My earliest memories of Flinders Street railway station are as a small boy travelling with my mother to either visit Melbourne for a day or to stay at the grandmother’s home in Carnegie. Coming by ferry from Cowes to Stony Point, one then travelled by steam hauled train to Frankston where electric motors replaced the engine and we virtually ran express, stropped Mordialloc, Caulfield, to arrive at Nos. 10 and 11 East Platforms Flinders Street. Our departure home was from the same platforms at 5.03p.m. but not before my mother had been to Scone Cottage and the adjoining Deli on the Swanston Street concourse to take home those things not readily seen or available on Phillip Island - what a treat.

~ Kevin Findlay, 2008

Exiting Under the Clocks

Exiting Under the Clocks in 1962

Exiting Under the Clocks in 1962

When passing ‘Under the Clocks’ I always felt as if I was entering the city through a marvellous portal or gateway. This photo from 1962 sums up my feelings and reflects the diverse community ebb and flow that was always around the area even before the rush hour. I have an enlargement of this view on my wall and often imagine stories about the people in it.

In the 1950s and 60s I used the station extensively when travelling to the city from my home in Mont Albert. I worked for Hearns Hobbies during Christmas periods in the late 50s and remember the family well. My childhood home was opposite their factory in Whitehorse Road and an early flight was in the aeroplane VH-AMJ shown in your book. Later, when living in Canada for a time, I obtained a private pilot’s licence motivated by the enthusiasm that Bruce, Keith and Jack had instilled in me.

I bought many glasses of the famous orange juice and the small newspaper stand on Platforms 3 & 4 frequently sold me the latest copy of ‘Walkabout’ for a quiet read on the way home in the old but comfortable Dog-Box trains. Sometimes I was lucky enough to have a compartment to myself if it was a quiet time of the day.

~ George Coop, November 2011

Mirka Mora Mural

Mural Close Up

Mural close-up

My Commissions (p235-237)

‘Quite often, when I am at home working on my chevalet – my easel – I dream of having a large commission. When I have a large commission, I dream to be at home at my chevalet. But maybe I like most being at my chevalet working at new discoveries about handling the paint, and finding new evocative images that tantalise me, puzzle me. Somehow each commission is the sum total of all of my discoveries. That is why I love to be at my chevalet, mostly to stock up on my ideas.

The Flinders Street Station project was offered to seven painters to submit their ideas for decorating the wall at the end of the concourse in Swanston Street. Six brilliant painters, male, and one brilliant female painter (moi). I thought I didn’t have a chance, but all the same went to look at the wall, and as I looked at the wall I said to myself, ‘This wall is mine,’ feeling like an animal. Had I been a dog, I would have peed on it.

Without telling anyone, I disappeared for three days and three nights at the Windsor Hotel and in great comfort I designed the mural just as you see it now. I was pleased and drank champagne, my mind running fast....
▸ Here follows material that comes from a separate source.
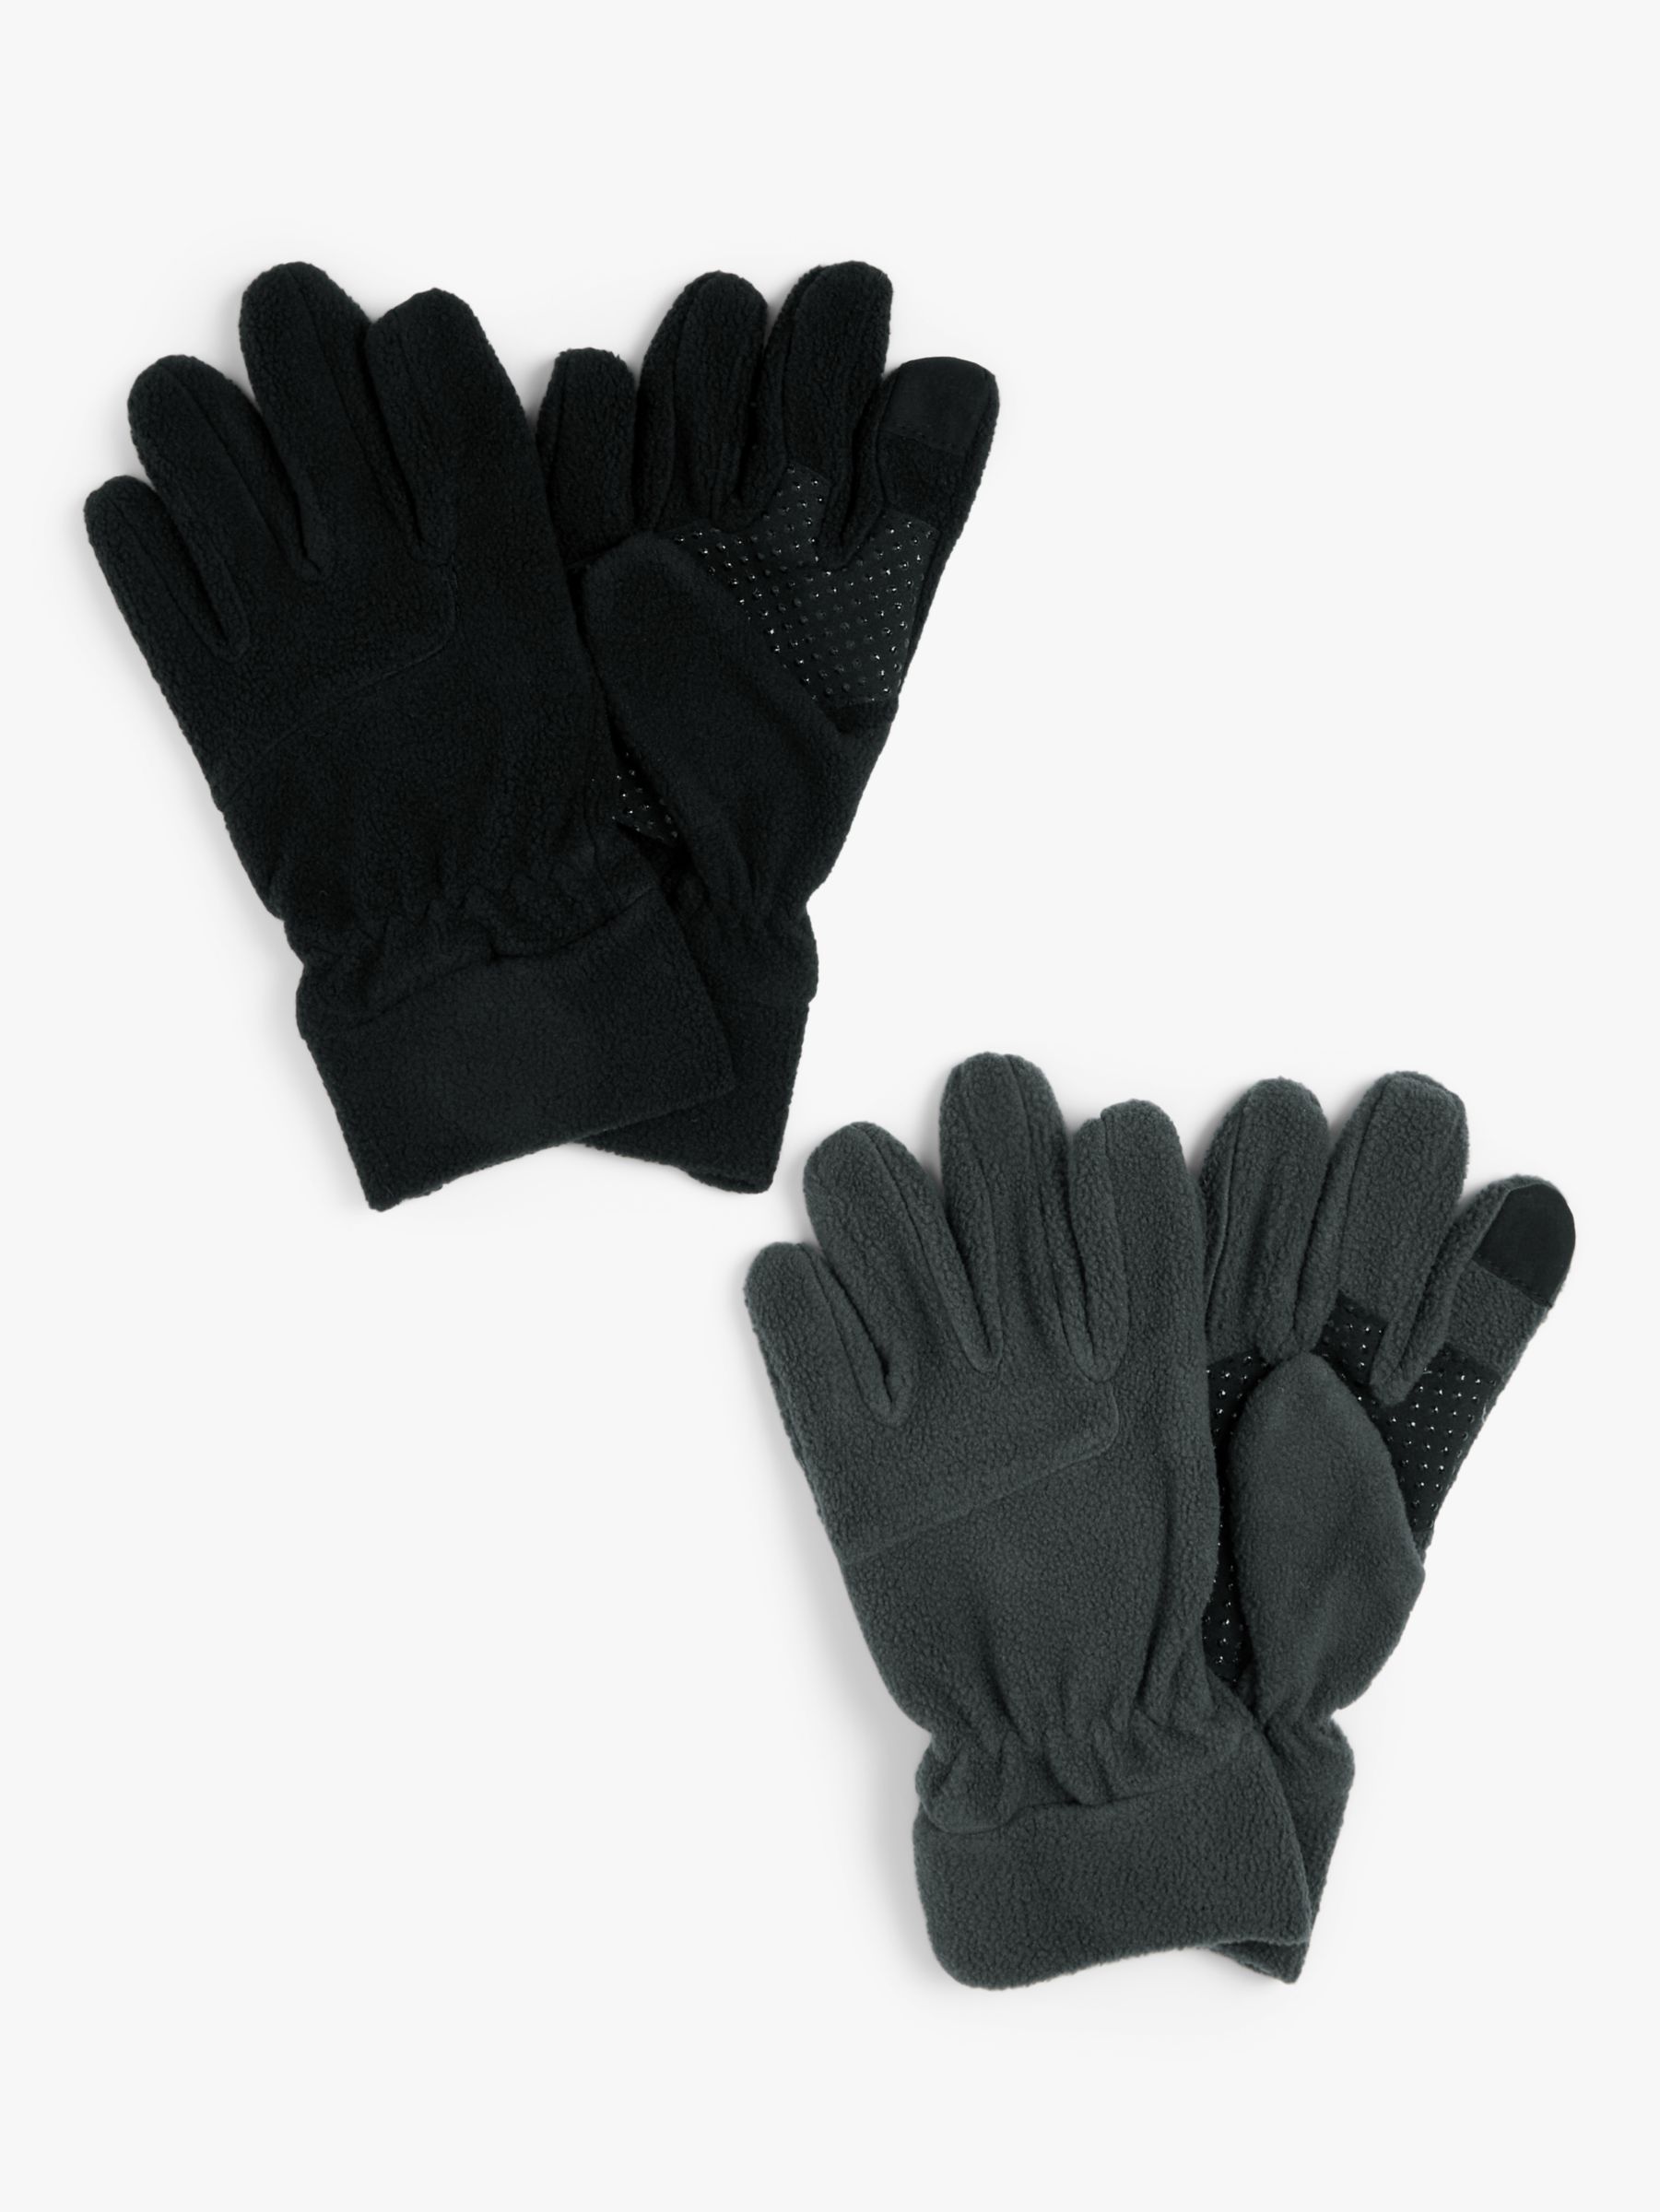 John Lewis Kids' Fleece Gloves, Pack of 2, Black/Grey, 6-8 years

It was the time of many strikes, 1985-86, and both the unions and the government were kind to me and my assistant Nicola, The River garden was the restaurant adjacent to the mural and I went there often to eat lobsters, and I still feel guilty as I saw them alive and would choose one to eat. Once, after choosing another live lobster to eat, I had a dream about the sea’ soul and I understood a little more about the sea, its life as a being of some kind....
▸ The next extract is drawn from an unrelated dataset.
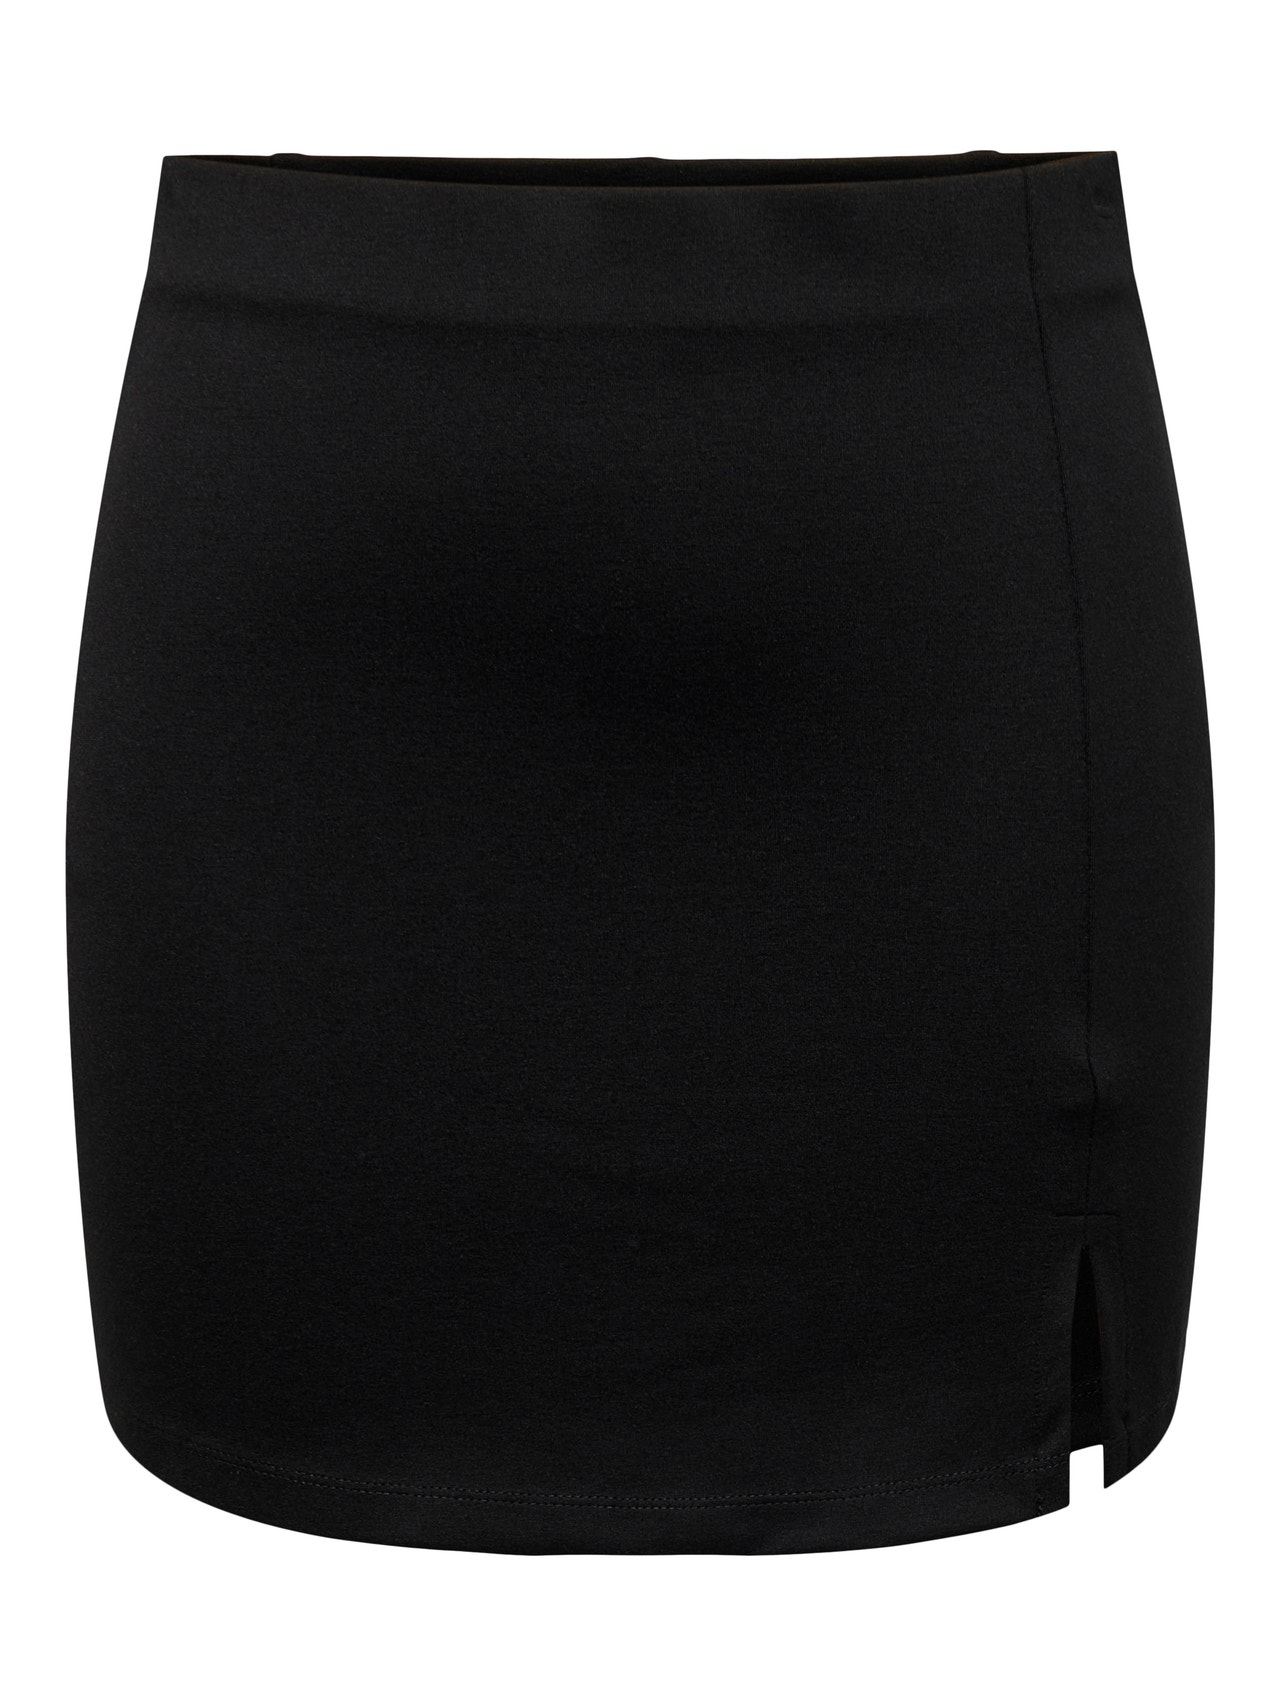 ONLY Short skirt -Black - 15302594

So good to work inside a big scaffold, right in the city, and feel the heartbeat of Melbourne: protest marches, celebrations, strikes, the weather, summer, winter, autumn, springtime, people passing by – mostly very curious, and good praise came often. John Cain, the Premier, came to look at my progressing work. Patrick McCaughey, the director of the National Gallery of Victoria, danced for me as he passed by. Now many lovers from around the world come to Melbourne and have their photo taken in front of the station mural. Little children love to put their fingers in the curved lines of the low relief, as I knew they would. In 1986 I signed my name with mosaic at the completion of the work.